Loop diuretics: (Minor) Loop diurectics may cause hyperglycemia and glycosuria in patients with diabetes mellitus, probably due to diuretic-induced hypokalemia. Because of this, a potential pharmacodynamic interaction exists between these drugs and all antidiabetic agents, such as linagliptin. This interference can lead to a loss of diabetic control, so diabetic patients should be monitored closely if these drugs are initiated.
Lopinavir; Ritonavir: (Moderate) Monitor for changes in glycemic control, specifically hyperglycemia, if ritonavir is administered concurrently with linagliptin. New onset diabetes mellitus, exacerbation of diabetes mellitus, and hyperglycemia due to insulin resistance have been reported with use of anti-retroviral protease inhibitors. A possible mechanism is impairment of beta-cell function. Onset averaged approximately 63 days after initiating protease inhibitor therapy but has occurred as early as 4 days after beginning therapy. Diabetic ketoacidosis has occurred in some patients including patients who were not diabetic prior to protease inhibitor treatment. (Moderate) New onset diabetes mellitus, exacerbation of diabetes mellitus, and hyperglycemia due to insulin resistance have been reported with use of anti-retroviral protease inhibitors. A possible mechanism is impairment of beta-cell function. Onset averaged approximately 63 days after initiating protease inhibitor therapy, but has occurred as early as 4 days after beginning therapy. Diabetic ketoacidosis has occurred in some patients including patients who were not diabetic prior to protease inhibitor treatment. Patients on antidiabetic therapy, such as linagliptin, should be closely monitored for changes in glycemic control, specifically hyperglycemia, if protease inhibitor therapy is initiated.
Loratadine; Pseudoephedrine: (Moderate) Sympathomimetic agents tend to increase blood glucose concentrations when administered systemically. Monitor for loss of glycemic control when pseudoephedrine is administered to patients taking metformin. Sympathomimetics, through stimulation of alpha- and beta- receptors, increase hepatic glucose production and glycogenolysis and inhibit insulin secretion. Also, adrenergic medications may decrease glucose uptake by muscle cells. For treatment of cold symptoms, nasal decongestants may be preferable for short term, limited use (1 to 3 days) as an alternative to systemic decongestants in patients taking medications for diabetes. (Moderate) Sympathomimetic agents tend to increase blood glucose concentrations when administered systemically. Monitor for loss of glycemic control when sympathomimetics are administered to patients taking dipeptidyl peptidase-4 (DPP-4) inhibitors. Sympathomimetics, through stimulation of alpha- and beta- receptors, increase hepatic glucose production and glycogenolysis and inhibit insulin secretion. Also, adrenergic medications may decrease glucose uptake by muscle cells. For treatment of cold symptoms, nasal decongestants may be preferable for short term, limited use (1 to 3 days) as an alternative to systemic decongestants in patients taking medications for diabetes.

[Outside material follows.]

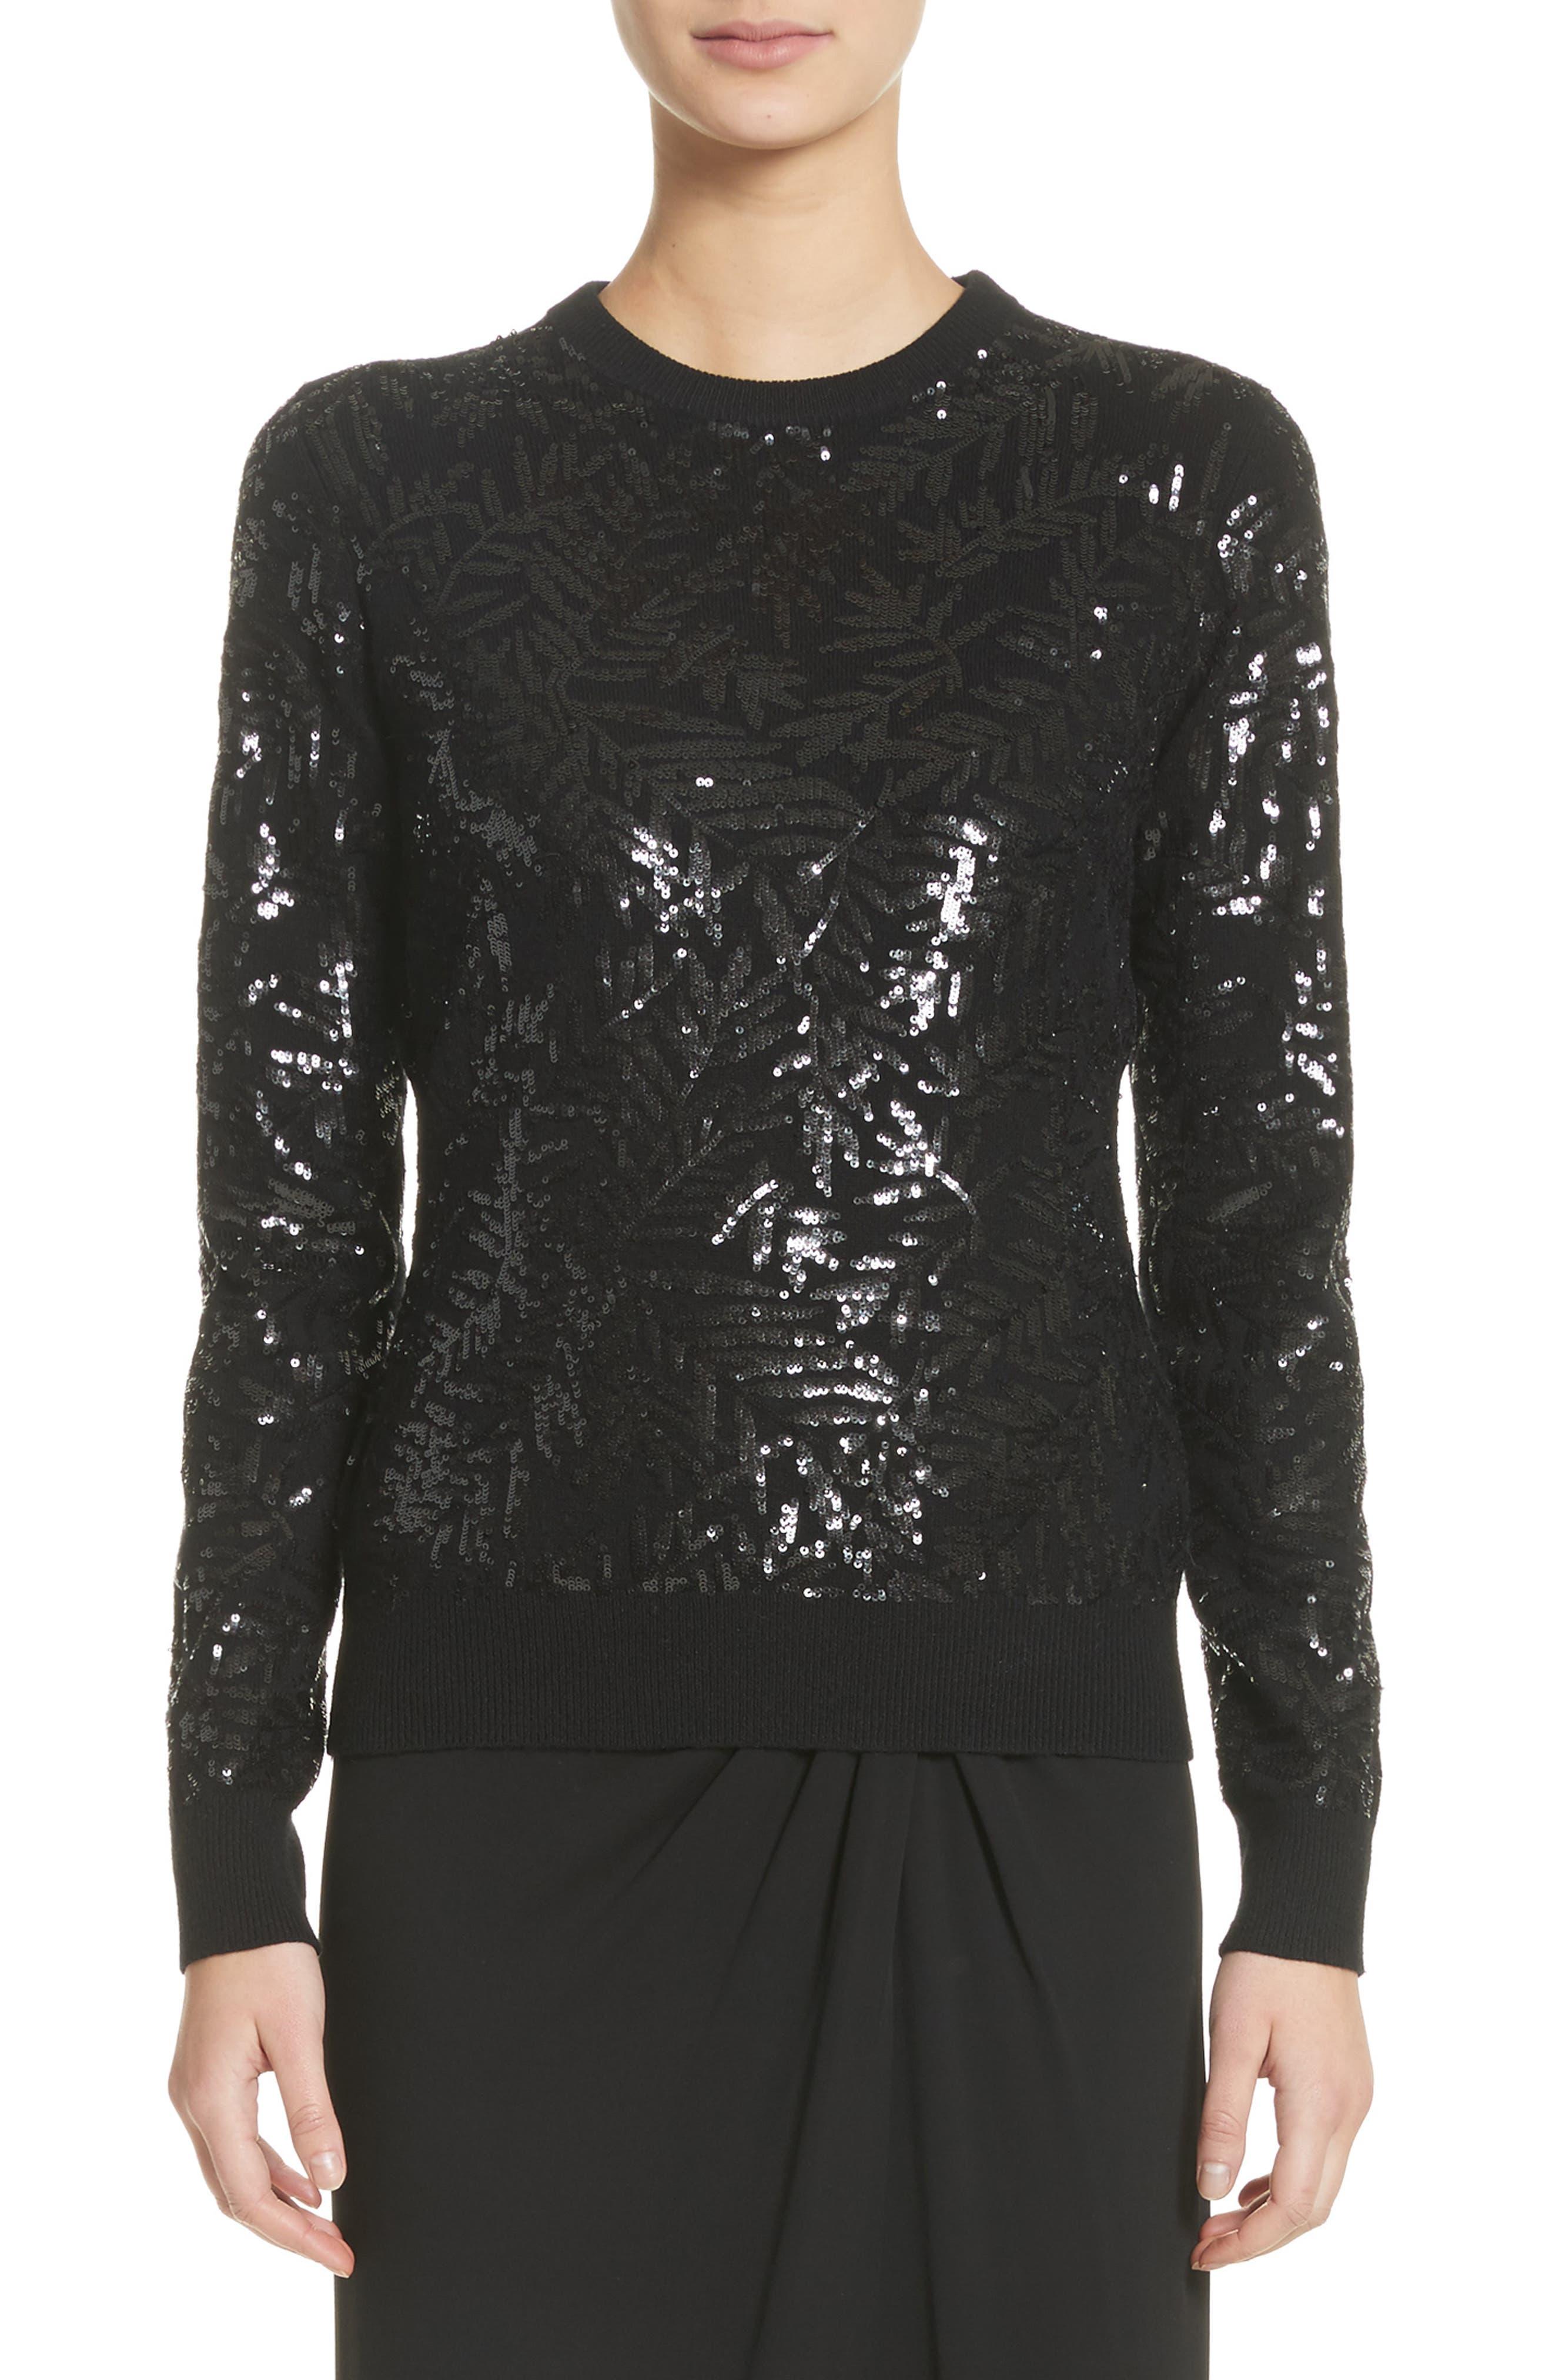 Michael Kors Sequin Palm Cashmere Sweater

Lorcaserin: (Moderate) In general, weight reduction may increase the risk of hypoglycemia in patients with type 2 diabetes mellitus treated with antidiabetic agents, such as insulin and/or insulin secretagogues (e.g., sulfonylureas). In clinical trials, lorcaserin use was associated with reports of hypoglycemia. Blood glucose monitoring is warranted in patients with type 2 diabetes prior to starting and during lorcaserin treatment. Dosage adjustments of anti-diabetic medications should be considered. If a patient develops hypoglycemia during treatment, adjust anti-diabetic drug regimen accordingly. Of note, lorcaserin has not been studied in combination with insulin.
Losartan: (Moderate) Monitor blood glucose during concomitant metformin and angiotensin receptor blocker use. Concomitant use may cause an increased blood glucose-lowering effect with risk of hypoglycemia.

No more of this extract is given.